О романе ‘Солдаты’ не тенденциозная критика отзывалась положительно:
‘Художественно-бытовое объективное изображение картин, без выражения симпатий автора, с юмором вскользь к некоторым сторонам русского человека’. …Роман ‘Солдаты’ отличается от других произведений Шмелева, своей эпической формой изложения. Однако в него вложены те же национальные и религиозные традиции. В романе ‘Солдаты’ представлено русское общество довоенного времени. Военные круги противополагаются городской интеллигенции. Офицеры, главным представителем которых является капитан Бураев, были носителями военного и национального чувства с определенным и настоящим понятием о чести’. И еще:
‘Нам лично первые главы ‘Солдат’ кажутся глубокими и замечательными по замыслу, и по силе выполнения.

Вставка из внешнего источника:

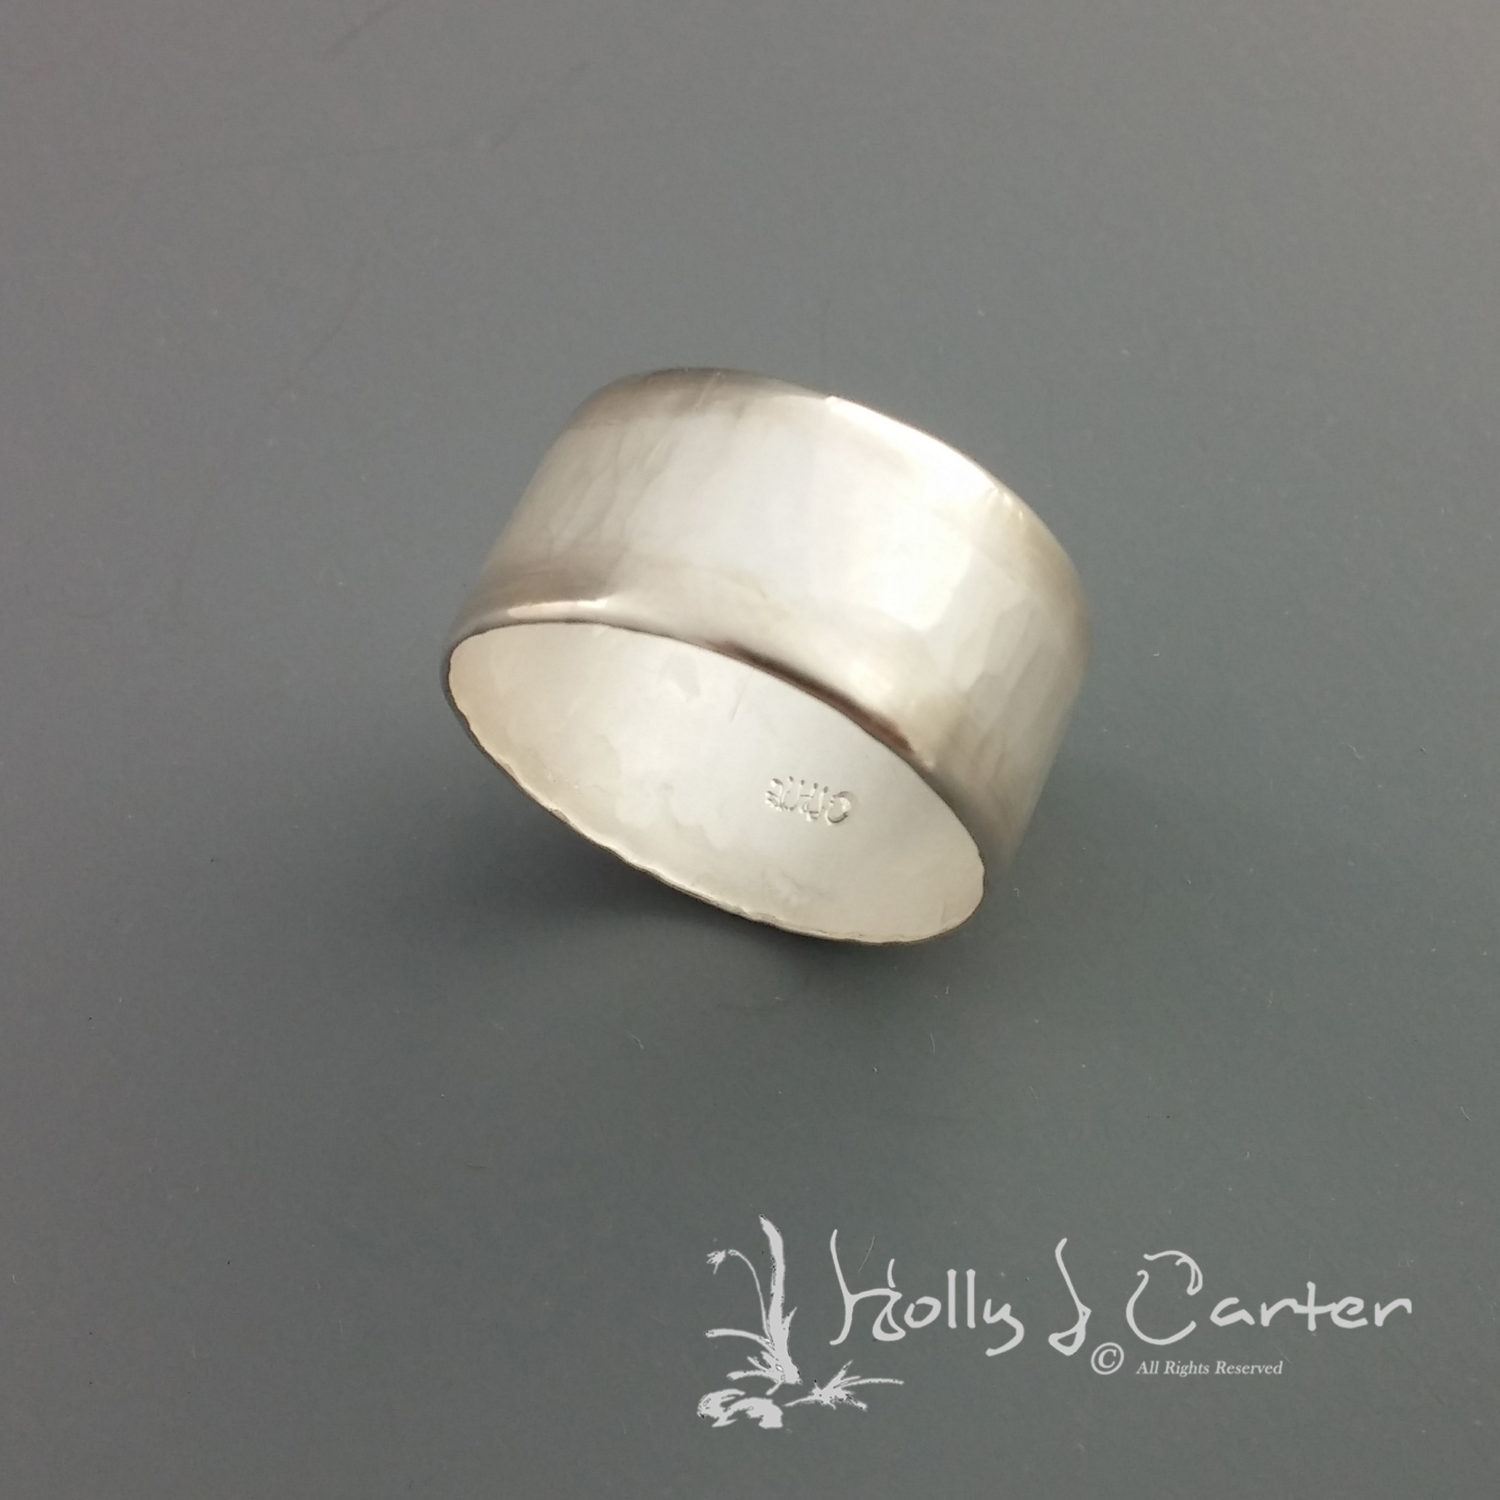 The Hammered Line Sterling Silver Ring by Holly J Carter

Как много обещал этот роман! Как не вспомнить острое, волнующее впечатление от него еще в начале жизни в эмигрантском Париже и горькое разочарование, …что продолжения романа нет. …Именно такой роман — художественная правда о старой России и о революции… необходим нам сейчас, и вдвойне будет необходим будущей России (Возрождение, октябрь 1957 г.).

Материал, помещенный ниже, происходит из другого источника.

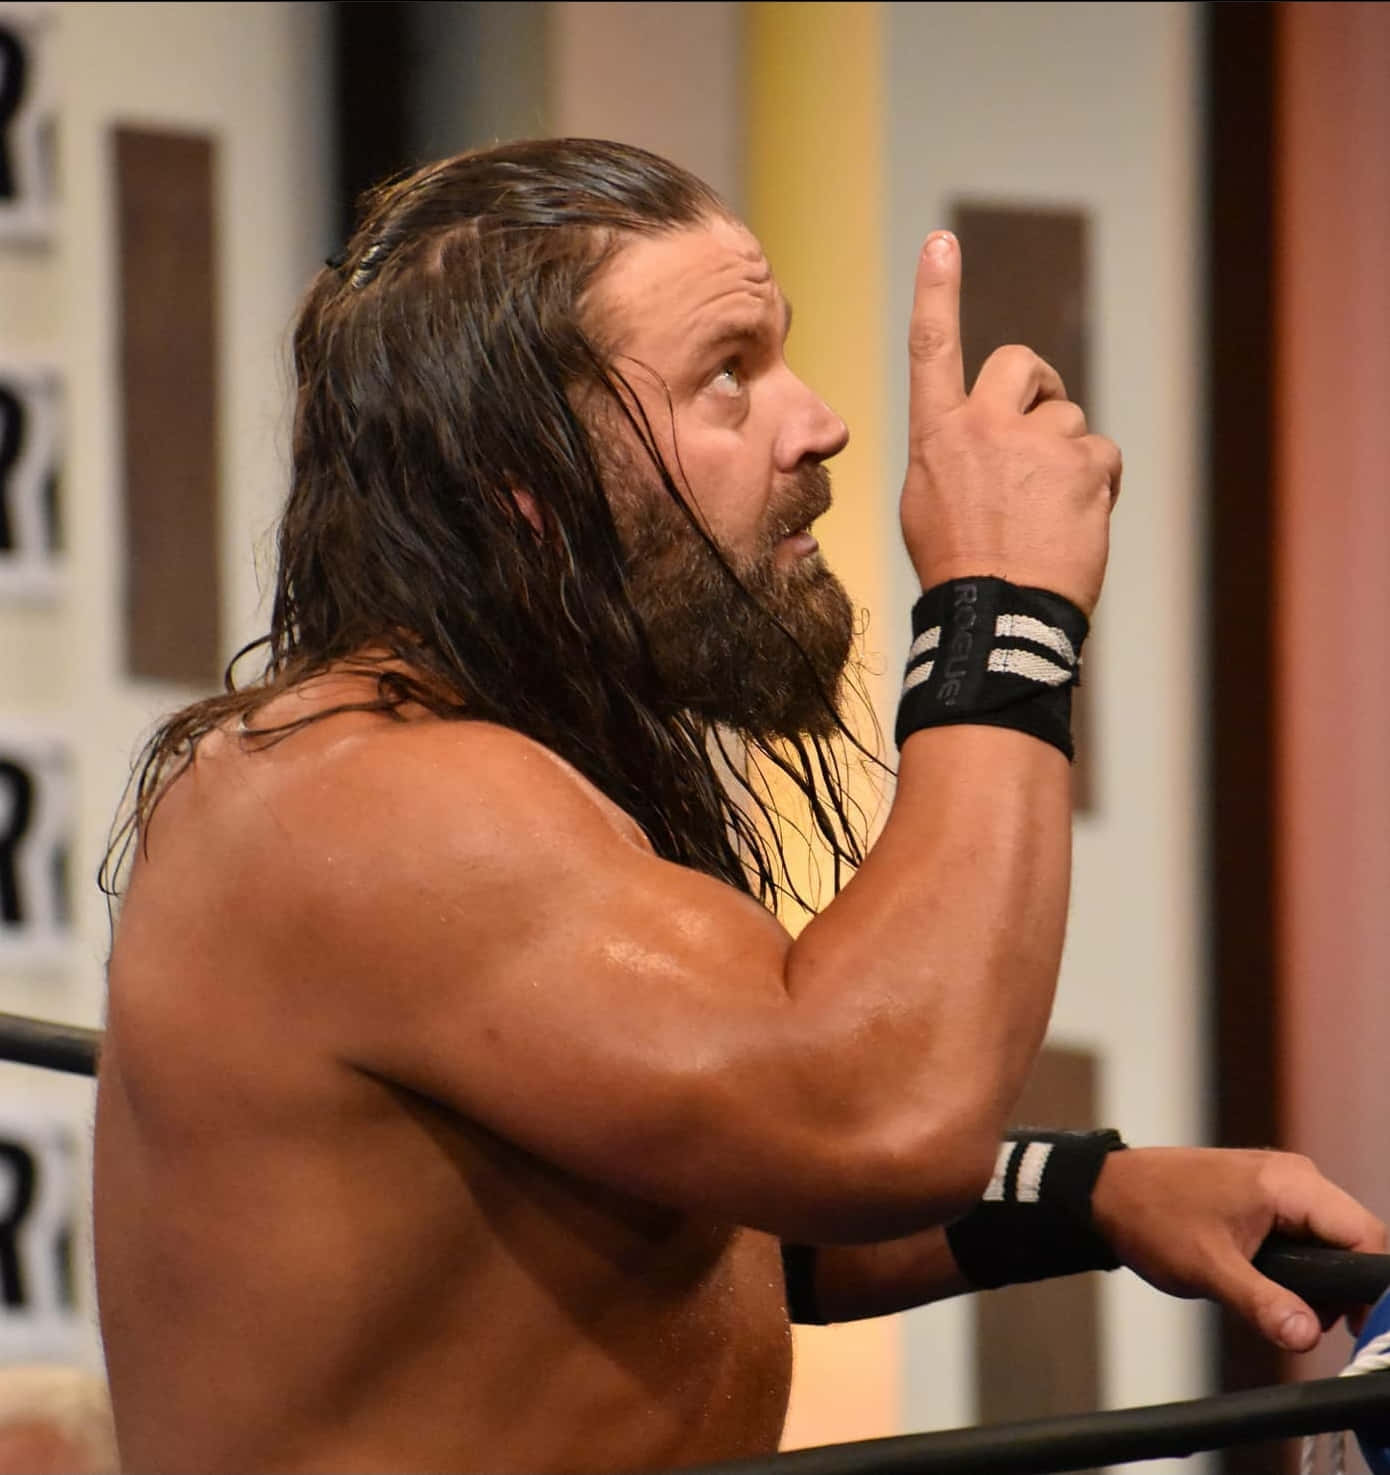 American Professional Wrestler James Storm In A Private Gym Wallpaper

О романе ‘Солдаты’, сам И. С. Шмелев писал в 1929 году, 25 мая, другу офицеру-инвалиду К. С. Попову:
‘Сейчас приступил — и плотно, кажется, — к великой (по размерам) работе ‘Солдаты’, где постараюсь не только дать Солдата, русского солдата-офицера, но пущу перышко погулять по всей России, по многим несолдатам, когда солнце сияет гуще, виднее, — тени —‘.
Все же к ‘Солдатам’ И. С. Шмелев возвращался и написал еще шесть глав, являющимися и самостоятельными этюдами.
В последний год жизни И. С. мне не раз говорил, что хочет взяться вновь за роман, расширить его тему. И закончить.
В интервью в 1932 году И. С. на вопрос — ‘Почему не продолжается роман ‘Солдаты?’ — ответил: ‘потому что я приостановил его. Мне показалось тогда не под силу дальнейшее развитие моей темы. Роман должен объять необъятное…
Начало происходит в мирное время, в захолустье, где стояла воинская часть. Офицер Бураев — один из многих моих героев долженствующих впоследствии появиться. Дальше в романе я предполагаю изобразить эпоху войны, потом он перекинется за рубеж.
Мои ‘Солдаты’, — не только военные, — я к ним в будущем причислю, вообще всех тех, кто стоит за свою идею: журналистов, писателей, общественных деятелей и просто сильных духом русских людей. Получается не роман, а целая эпопея. Широта горизонтов меня смутила…’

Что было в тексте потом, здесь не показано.